# TCP 380 and ProMag clips



## marconewt (Dec 31, 2012)

i've tried two different ProMag clips in my TCP 380. They don't stay in the gun..They pop out on the first shot.

Actually, i can give the clip a tug when installed in the gun, and it comes out!! 

Any suggestions? Are they just junk? thanx


----------



## Steve M1911A1 (Feb 6, 2008)

See my answer at: http://www.handgunforum.net/taurus/32388-taurus-pt-738-380-clip-will-not-slide-into-gun.html
(It's the last post made today, I think.)


----------



## VAMarine (Dec 25, 2008)

marconewt said:


> i've tried two different ProMag
> 
> ....
> 
> Are they just junk? thanx


Yes.


----------



## Soldiernurse (Aug 12, 2011)

First, a clip?
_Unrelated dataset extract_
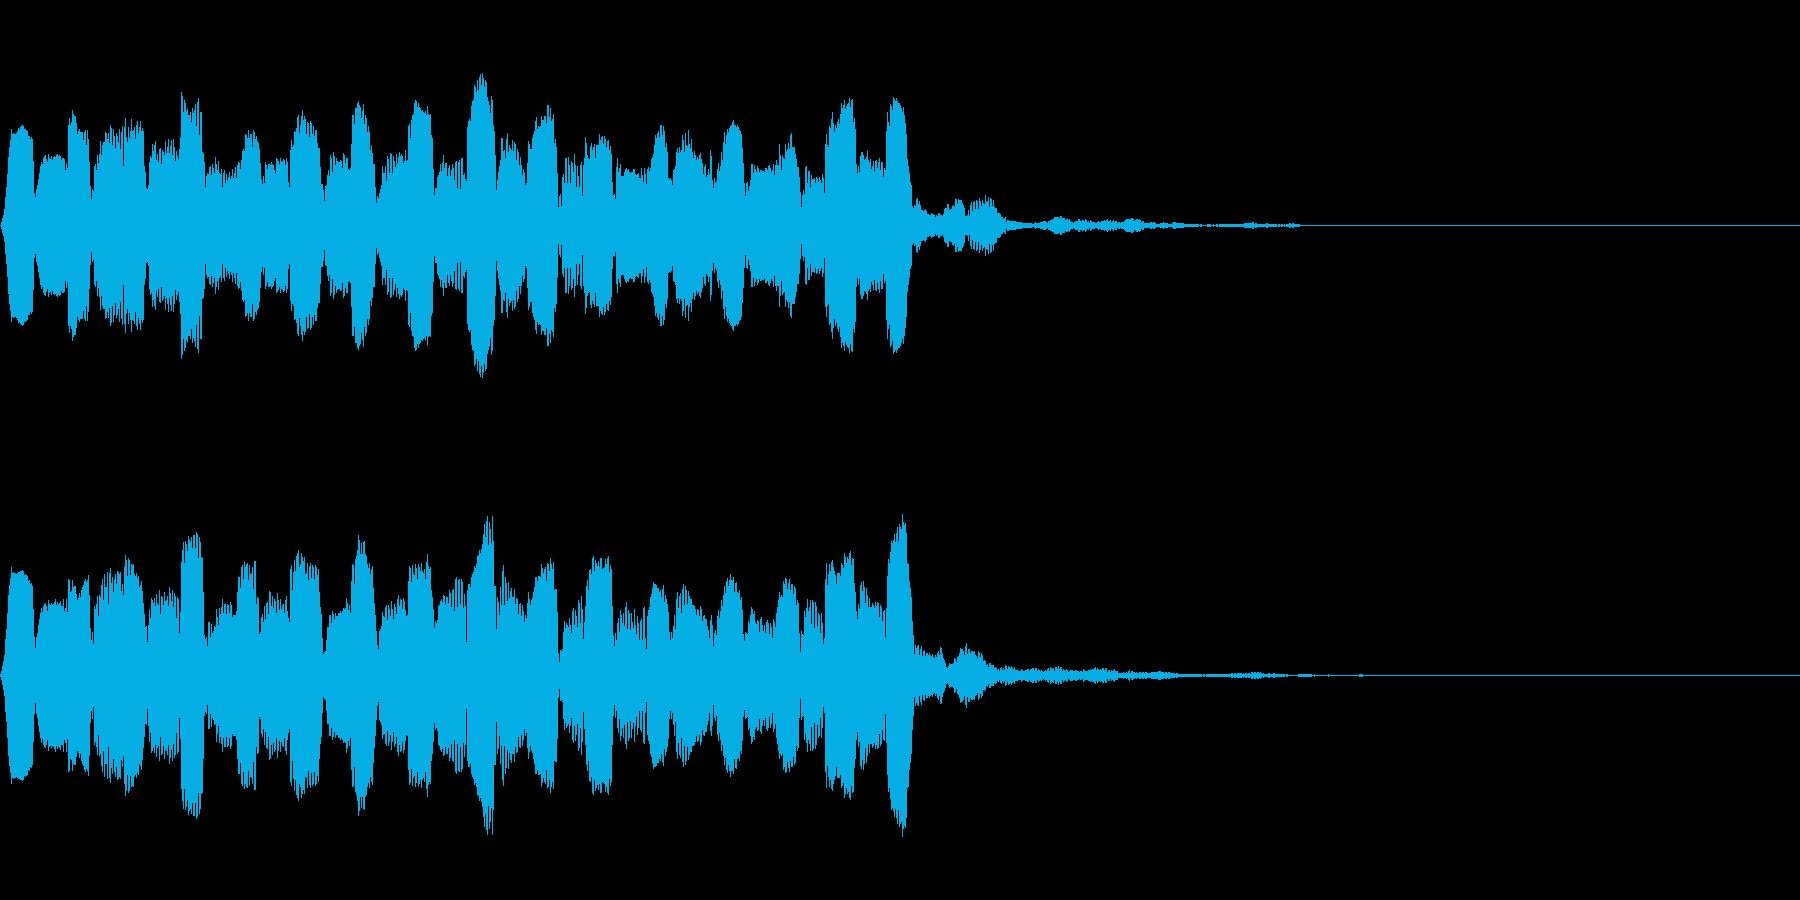 高音でやわらかいピヨピヨした音の再生済みの波形

A magazine is what is used to feed the weapon itself, whereas a clip is used to feed the magazine. Clips make loading of magazines much easier and faster, and in some cases, a clip is required in order for the magazine to work (e.g. M1 Garand).

All 3 of my TCP 738 mags work just fine. I have 1 mag that came NIB w/Mighty Mouse, the other 2 mags are ProMags.

Maybe sit down & apologize to your ProMags for referring to them as clips.


----------